Le komsorg dans l’équipe est un sportif qui organise l’éducation politique et qui participe à cette éducation directement par des leçons sur la doctrine marxiste-léniniste, sur la situation nationale ou internationale ou, indirectement, par des actions particulières (diffusion de films, réalisation de journaux muraux), afin de permettre le développement des initiatives des sportsmen, la responsabilisation par rapport à leurs résultats et l’amélioration de la discipline.

Contrôler, discipliner et souder le collectif

Au-delà de ce rôle d’éducateur politique dans les équipes nationales, le komsorg participe activement à la moralisation de la conduite des équipes nationales de l’intérieur.

En mars 1967, les komsorgs sont convoqués pour un séminaire avec les représentants du comité central du VLKSM et du Comité central des organisations et des sociétés sportives soviétiques ainsi qu’avec les entraîneurs [63] . Quels sont les thèmes abordés lors de cette réunion ? Principalement, les transgressions des sportifs, les comportements qui nuisent à l’image du sport soviétique et la nécessité de lutter contre ces multiples déviances. Les komsorgs se font le relais de ces conclusions et doivent eux-mêmes jouer un rôle actif dans la discipline de leurs équipes. Ce point est particulièrement mis en valeur dans une conférence du rédacteur du journal Sovetskij sport N. K. Kiselev [64] , prononcée le 31 mai 1972. Reprenant l’exemple d’un plongeur impliqué dans une affaire de transfert de devises et de spéculation lors des Jeux de Mexico, il conclut que le rôle des komsorgs est d’éviter ce genre de problèmes et de préparer les futurs membres de l’équipe à adopter un comportement irréprochable. La lutte pour la discipline des comportements passe par une apparente intransigeance vis-à-vis des dérives qui doit aboutir à la discussion publique des problèmes de comportement avec les membres de l’équipe lors de la réunion des membres du komsomol de l’équipe [65] . Le champ d’action des komsorgs dépasse le seul moment des regroupements sportifs. Ils doivent aider les champions à améliorer leur comportement non seulement dans le stade ou sur le terrain mais également dans leur vie quotidienne, que ce soit sur leur lieu d’étude ou de travail [66] .

Quelles sont les solutions pratiques proposées aux komsorgs pour garantir une discipline sans faille ? Cela passe dans un premier temps par la construction d’un collectif soudé. Pour cela, inutile de trouver de nouvelles règles. Galina Gorohova, Valerij Popečenko et Aleksandr Ivanitskij, , dans une lettre aux jeunes komsorgs, insistent sur le retour aux valeurs originelles du komsomol, – l’amitié, l’entraide et l'unité , principes qu’il faut développer dans les équipes. Ils reviennent également sur la nécessité de lire la presse du komsomol où se trouvent les réponses à nombre de questions qui peuvent se poser à eux [67] .

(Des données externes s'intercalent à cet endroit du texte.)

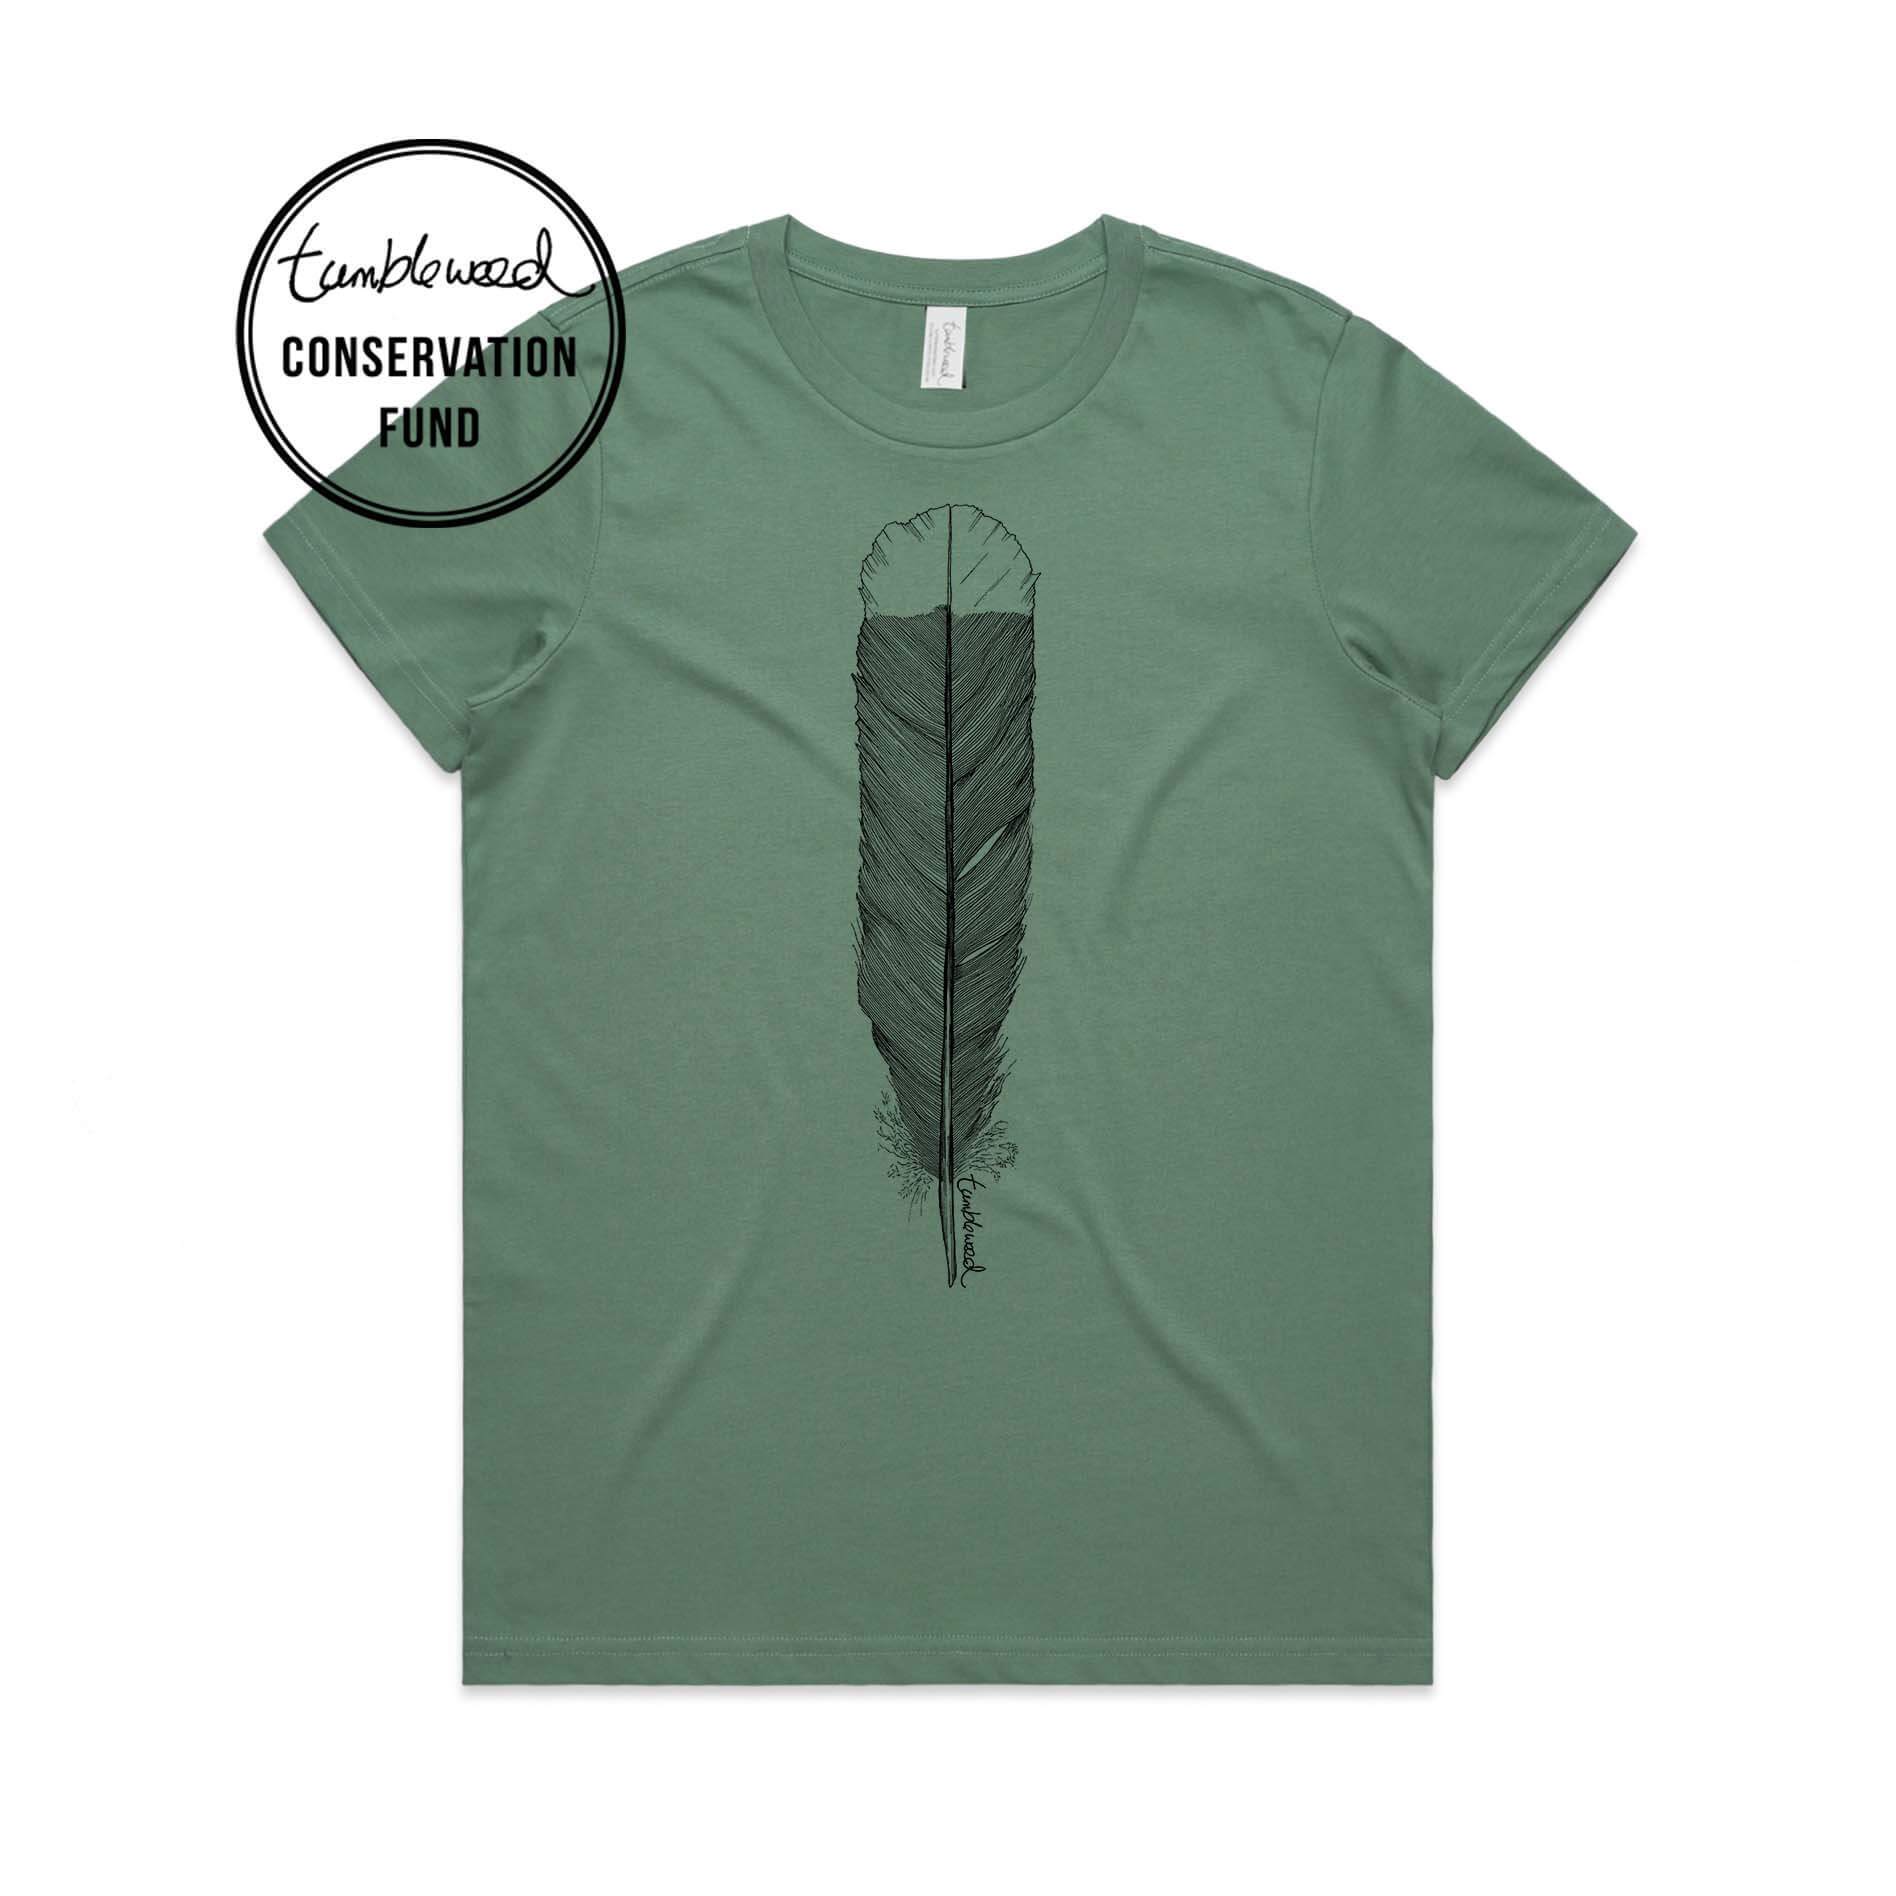 Sage, female t-shirt featuring a screen printed huia feather design.

Exercer le contrôle sur l’équipe est finalement une des tâches majeures attribuées au komsorg. Un journal sur le quotidien de l’équipe recense les membres du komsomol de l’équipe, avec leur numéro, des informations personnelles comme leur année et leur date de naissance, leurs études, leur titre, leur domicile, et compile des informations sur les membres de l’équipe qui ne font pas partie de l’organisation de jeunesse. Toutes les remarques sur la préparation et sur les compétitions y sont récolées. Sont joints également les comptes rendus des réunions, le planning et le contenu de la préparation politique. Des données plus sportives y sont intégrées, tels l’assistance aux entraînements et le bilan de la participation aux stages,  ainsi que des données plus personnelles comme les infractions à la discipline, les formes de non-respect du régime sportif. Un exemple de rapport sur la préparation de l’équipe de patinage artistique à Celiabinsk en août 1971 nous permet de saisir l’ampleur des données recensées : moral des sportifs à l’entraînement, douleurs physiques, ressenti sur les prestations, changement de matériel et conséquence sur l’entraînement. Au moment de la préparation des olympiades de Mexico, à la rédaction de ces journaux, s’ajoute celle de rapports, lus et discutés au comité central du Komsomol [68] .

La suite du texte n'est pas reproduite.